In these cases, there are four separate
actions filed by different sets of Plaintiffs. In all of the cases,
SINALTRAINAL, the union of food and bottling workers in Colombia,
is a Plaintiff, and alleges injuries due to a campaign of violence
directed at the union by paramilitaries employed by the Coca-Cola
bottlers. Javier Correa, the union's President, hailed the decision
as "bringing the workers of Colombia one step closer to justice".
Other Plaintiffs include the Estate of Isidro Gil, who was murdered
inside the Bebidas bottling facility in Carepa by paramilitaries
brought in by the plant management. Other claims include kidnapping
and torture of union leaders by paramilitaries working on behalf
of Panamco bottlers.
In allowing the case to go forward against
Coca-Cola bottlers Bebidas and Panamco, the court dismissed Coca-Cola
Company and Coca-Cola Colombia from the case on the ground that
the company's bottling agreement did not explicitly give Coca-Cola
control over labor relations issues of its Colombian bottlers.
Terry Collingsworth, Executive Director
of the International Labor Rights Fund and co-counsel for the Plaintiffs,
indicated that Plaintiffs would appeal that portion of the decision...

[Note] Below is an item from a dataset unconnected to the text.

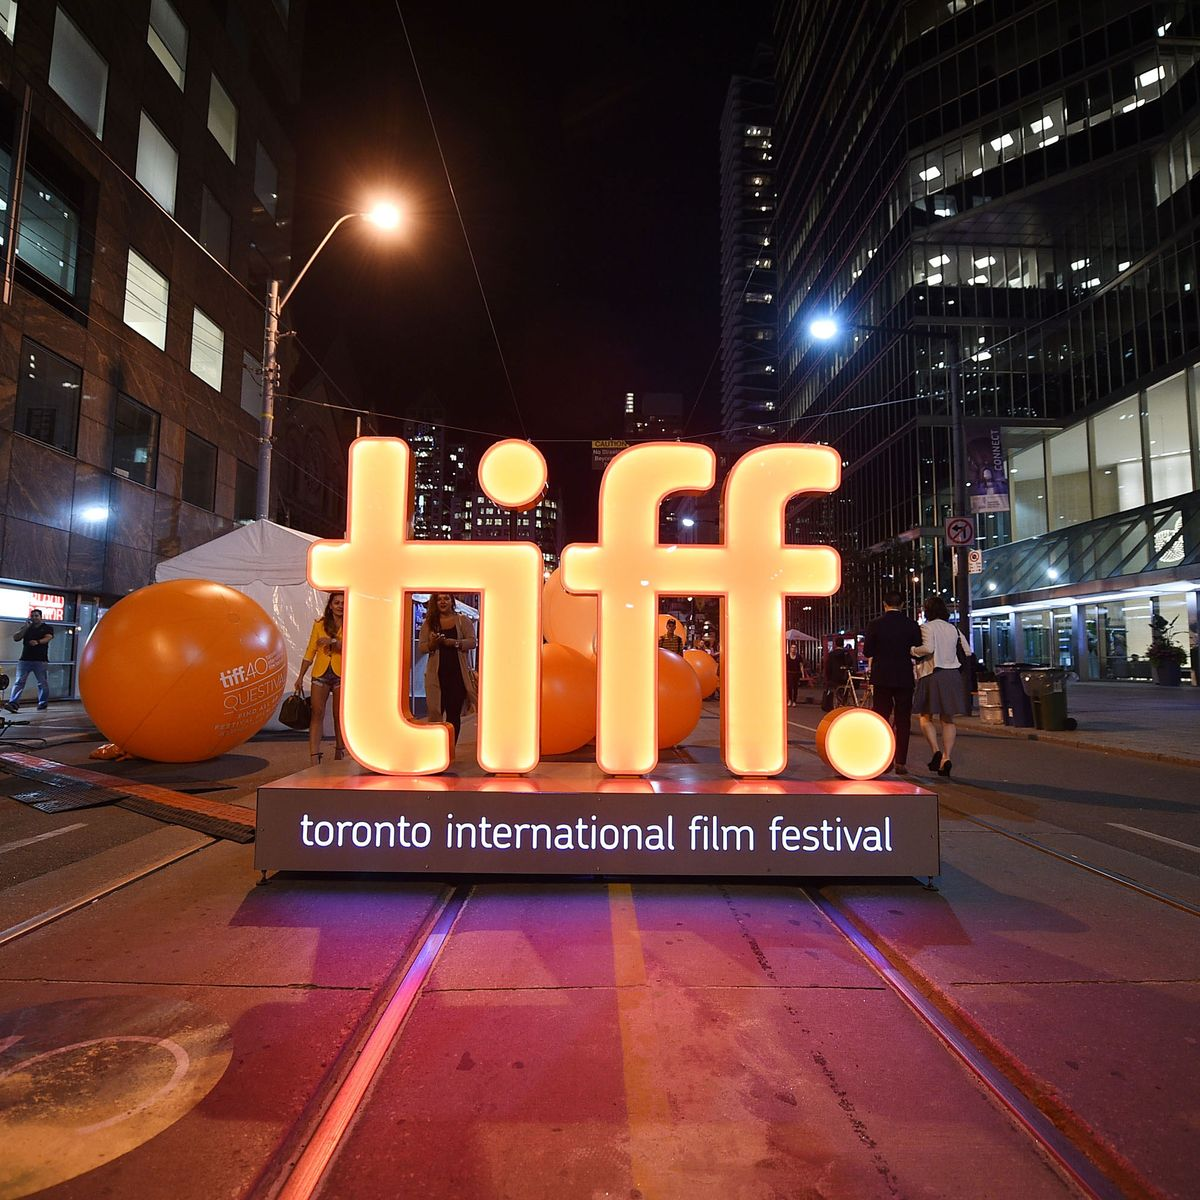 Toronto International Film Festival 2020 Is Mask Optional

Collingsworth explained. "We are absolutely convinced as a
factual matter that one word from Coca-Cola would stop the campaign
of terror against trade union leaders in the Coca-Cola bottling
plants in Colombia. We are entitled to gather evidence on this point
and prove it at trial," he added.
Finally, Collingsworth said that "it
should bring small comfort to Coca-Cola that the court has ruled
that, while the company is not technically in legal control of labor
relations at the Colombian bottling plants, there are sufficient
allegations that the company's two bottlers in Colombia, Panamco,
which is partly owned by Coca-Cola and is designated as one of Coca-Cola's
"anchor bottlers," and Bebidas have indeed engaged paramilitary
groups to terrorize union leaders. The question still is, why is
Coca-Cola allowing this to happen, and how many other acts of murder
and torture are required to get Coca-Cola to intervene?
In a similar situation in Guatemala in the
early 1980's, Coca-Cola was forced by a consumer campaign to terminate
its bottling agreement with a Guatemalan bottler who had used right
wing death squads to murder union leaders at that facility. Pointing
to this situation, Dan Kovalik noted that "wholly apart from
legal liability, Coca-Cola remains the sole entity that can change
the practices of its bottlers".
Terry Collingsworth called upon all of the
human rights and student groups and others that are protesting Coca-Cola's
policies in Colombia to redouble their efforts. "Coca-Cola
apparently will only respond to pressure from consumers. As we saw
in the Guatemala situation, the company will never do the right
thing unless it is forced to by_consumers".
The ILRF has also asked Attorney General
John Ashcroft to prosecute Panamco and Bebidas under 18 U.S.C. §
2339B, which makes it a crime to provide material support to terrorists.
The paramilitary groups working with Panamco and Bebidas have been
designated terrorist organizations by the U.S. State Department.